By the end of 1951, wherever we went, reporters popped the question “When are you going to get married?” I was beginning to wonder, too, and I was beginning to get impatient. I knew that I wanted to spend my life with Ronnie, and time was marching on. I had long conversations about it with my mother, who listened and advised me. We were always very close, and I couldn’t really talk about these things too much with my friends.

But still, there was no proposal. So, in January 1952, I decided to give things a push.

“I think maybe I’ll call my agent and see about getting a play in New York,” I told Ronnie. As I recall, he didn’t say anything, but he looked surprised. Not long afterward, while we were having dinner in our usual booth at Chasen’s, he said, “I think we ought to get married.”

I was ecstatic. I could have jumped out of my seat and yelled, Whoopee! But I could hardly do it at Chasen’s.

So I answered calmly, “I think so, too.”

Getting our marriage license.

At a Guild board meeting, Ronnie whispered to Bill Holden, “How would you like to be my best man at Nancy’s and my wedding?”

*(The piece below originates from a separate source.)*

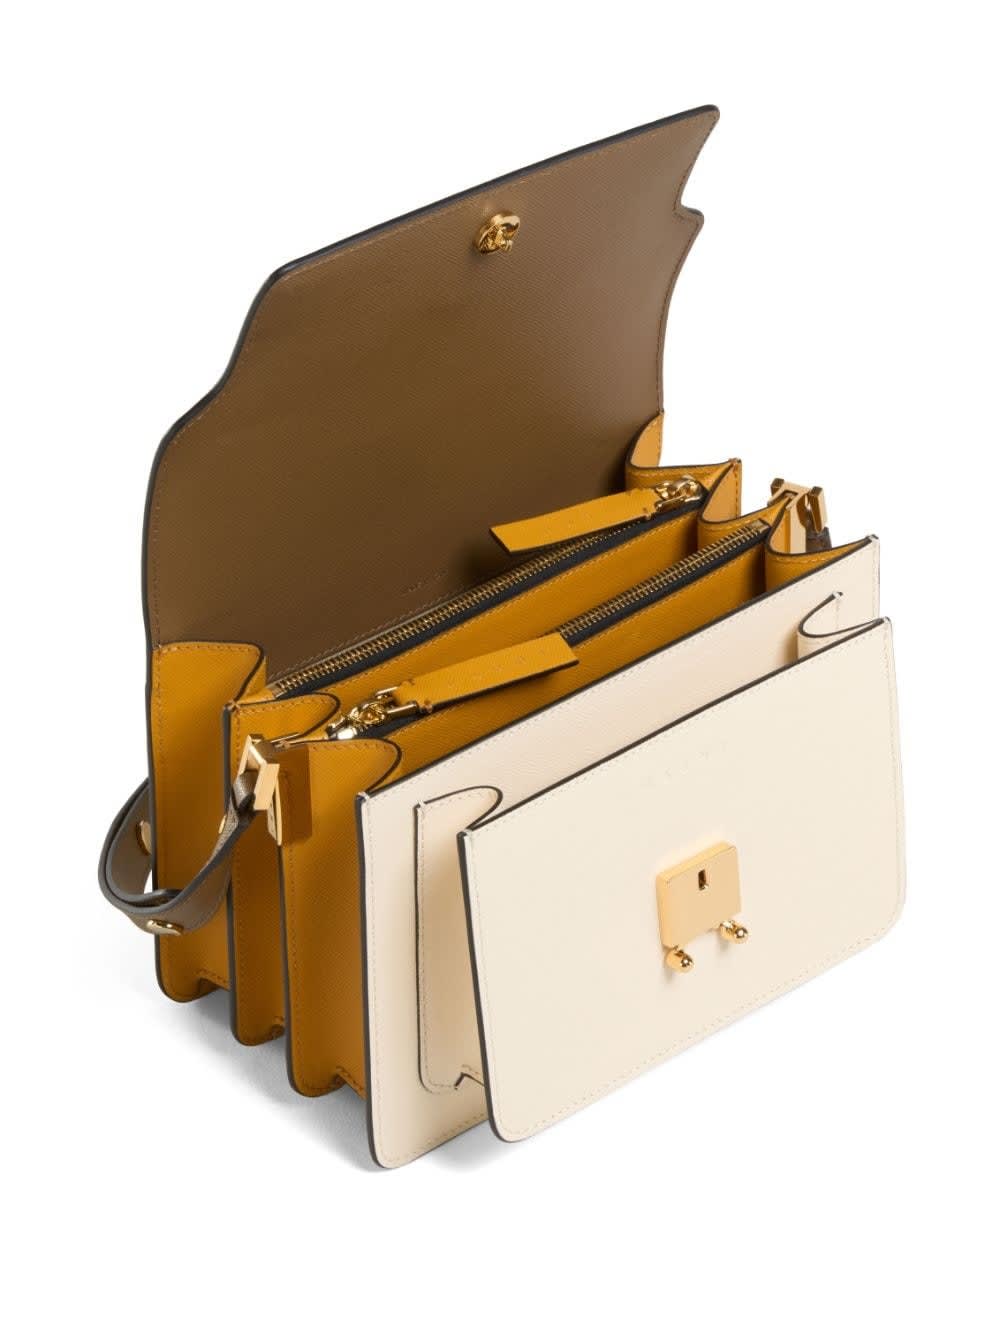 Marni Trunk Bag: A Distinctive Luxury Accessory - niood

Bill shouted, “It’s about time!”

We announced our engagement in February. Before, Ronnie had called my father to ask for his blessing. Ronnie got three picture offers immediately after our engagement was announced, and we had a terrible time fixing a wedding day. Every time we thought we’d found a date, his work would get in the way. Finally, the date was set: March 4, 1952.

The press had been after us for so long, so many questions had been asked about when we were going to get married and where we were going to get married, that now neither of us really wanted a big to-do. We particularly didn’t want reporters following us around on our wedding day. So we decided on a simple ceremony at the Little Brown Church in the Valley, with only our best friends, Ardis and Bill Holden, attending. The Little Brown Church was small and out of the way and seemed like a good place to be married quietly. Ronnie had found it; he belonged to the Hollywood Christian Church, but that was huge and would have attracted a lot of attention.